On me parle d'une pétition d'agriculteurs opposés au projet qui aurait recueilli 120 ou 150 signatures, mais cette pétition date d'il y a deux ans. Depuis, nous avons rencontré une grande partie des agriculteurs et avons trouvé des solutions. In fine, moins de 10 % des exploitants concernés ont été signataires de cette pétition. Il se trouve que le dialogue est très bon avec l'essentiel des agriculteurs, à l'exception de quelques-uns. Le maintien du dialogue est à nos yeux très important.

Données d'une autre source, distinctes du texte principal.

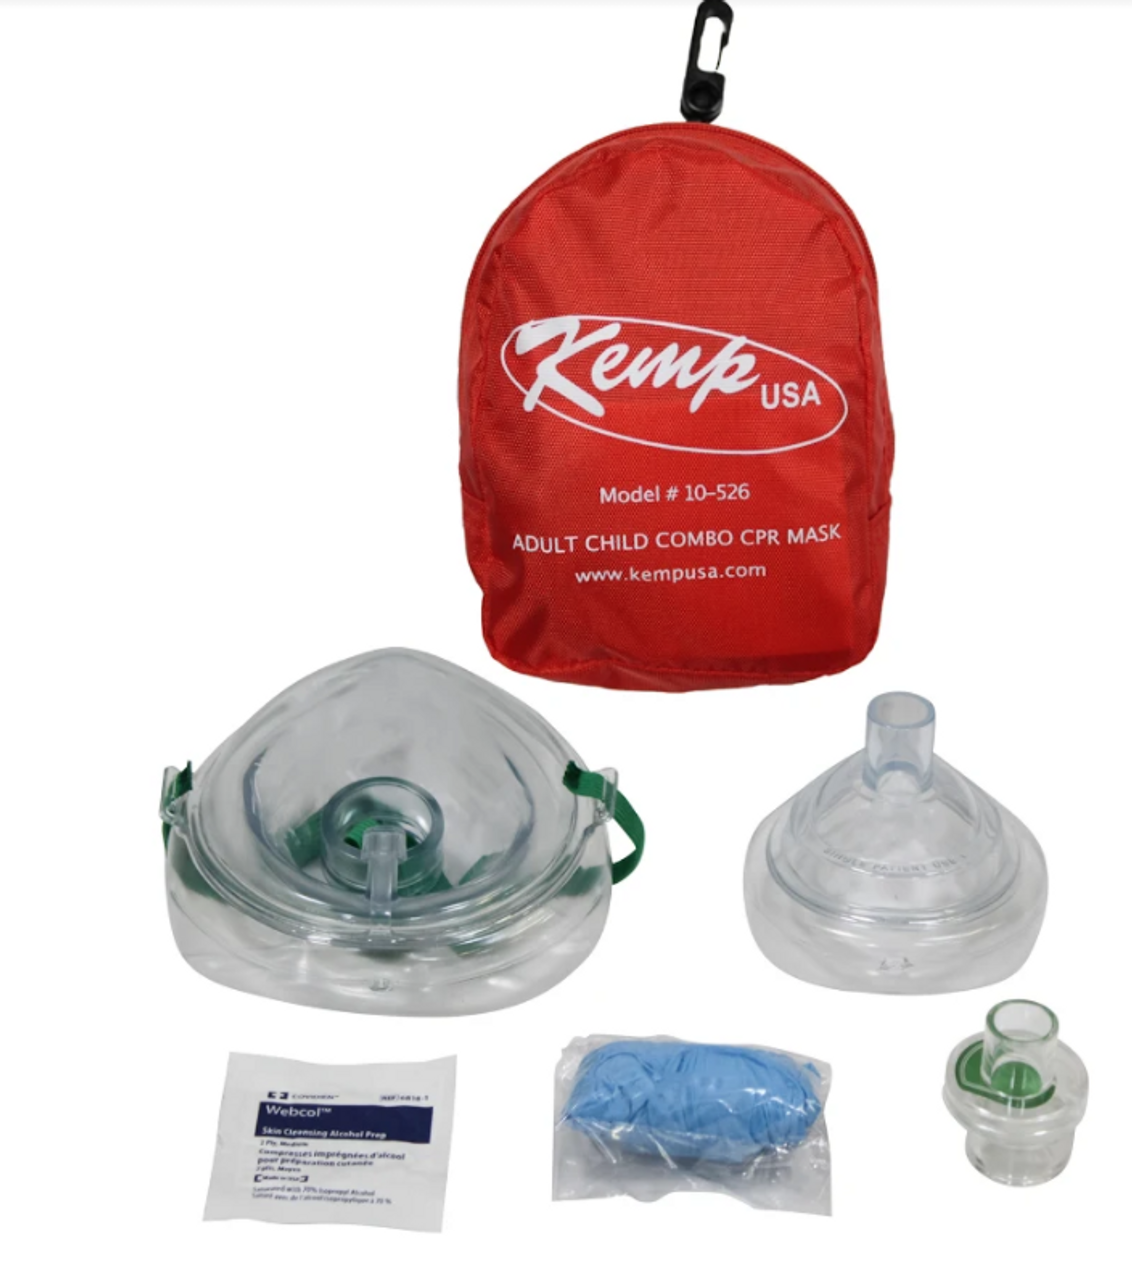 KEMP USA Adult and Child Combo CPR Pocket Mask - 10-526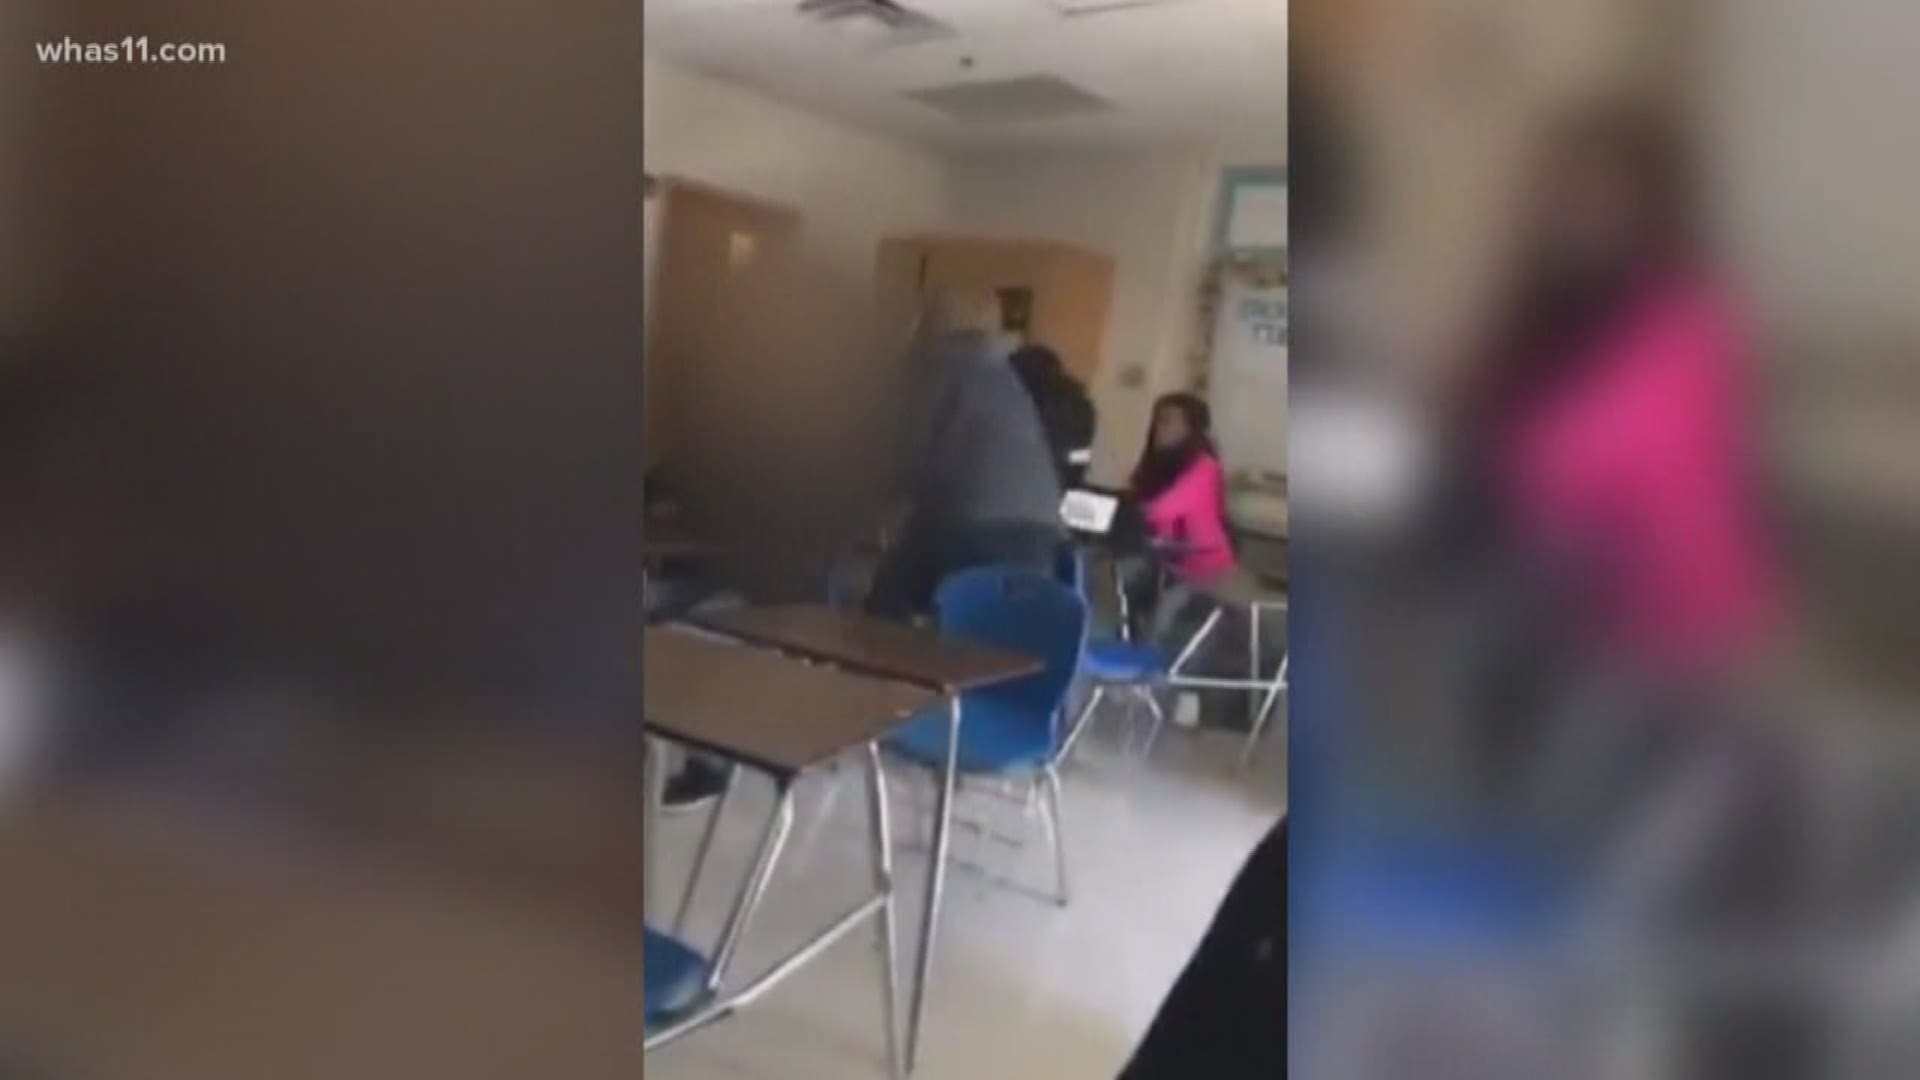 Officials with Jefferson County Public Schools are investigating after a student and teacher fought inside a classroom.

Je citerai ici le fonds de compensation collectif, soit une première pour une autoroute. Dans ce cadre, 2,4 millions d'euros seront affectés à des projets de compensation collective, à des projets de dynamisation collective de filières agricoles à l'échelle de ce territoire, et ce, au-delà des compensations individuelles déterminées pour chacun (en cas de rallongement du tracé par exemple). Ce fonds est en place et il s'agit maintenant de le faire fonctionner en lien avec l'État et les chambres d'agriculture.

En conclusion, notre action est guidée par le souci de l'exemplarité environnementale et tient compte des impératifs de la transition énergétique.

Pour rappel, le projet de la DUP 2018 ne tenait pas compte des aires de covoiturage, des bornes de recharge, du flux libre ou encore d'une politique favorable aux véhicules électriques. En France, vous ne trouverez aujourd'hui quasiment aucune aire de repos équipée des bornes de recharge, comme nous le proposons ici. L'A69 sera donc pionnière en la matière.

À côté de l'exemplarité du projet, nous avons aussi tenu à l'exemplarité de la méthode, à cette humilité, à cette volonté d'être à l'écoute et de continuer le dialogue. Certains disent que les mesures compensatoires ne fonctionneront pas, mais je dis l'inverse. Pourquoi ? Parce que nous les avons étudiées finement et que nous nous donnerons les moyens, en lien avec les services instructeurs de l'État et au sein des comités de suivi des mesures compensatoires, de vérifier qu'elles fonctionnent comme prévu. Si tel n'était pas le cas, nous adapterons les plans de gestion et les mesures de sorte que les compensations soient réellement dispensées en vue d'obtenir le résultat escompté.

Nous aurons donc, si nécessaire, à faire évoluer les mesures compensatoires, à commencer par leur conception. Si, à l'expérience, nous devions nous rendre compte que tel n'est pas le cas, nous les adapterons. Quoi qu'il en soit, nous serons tout de même présents pendant 55 ans pour vérifier qu'elles fonctionnent.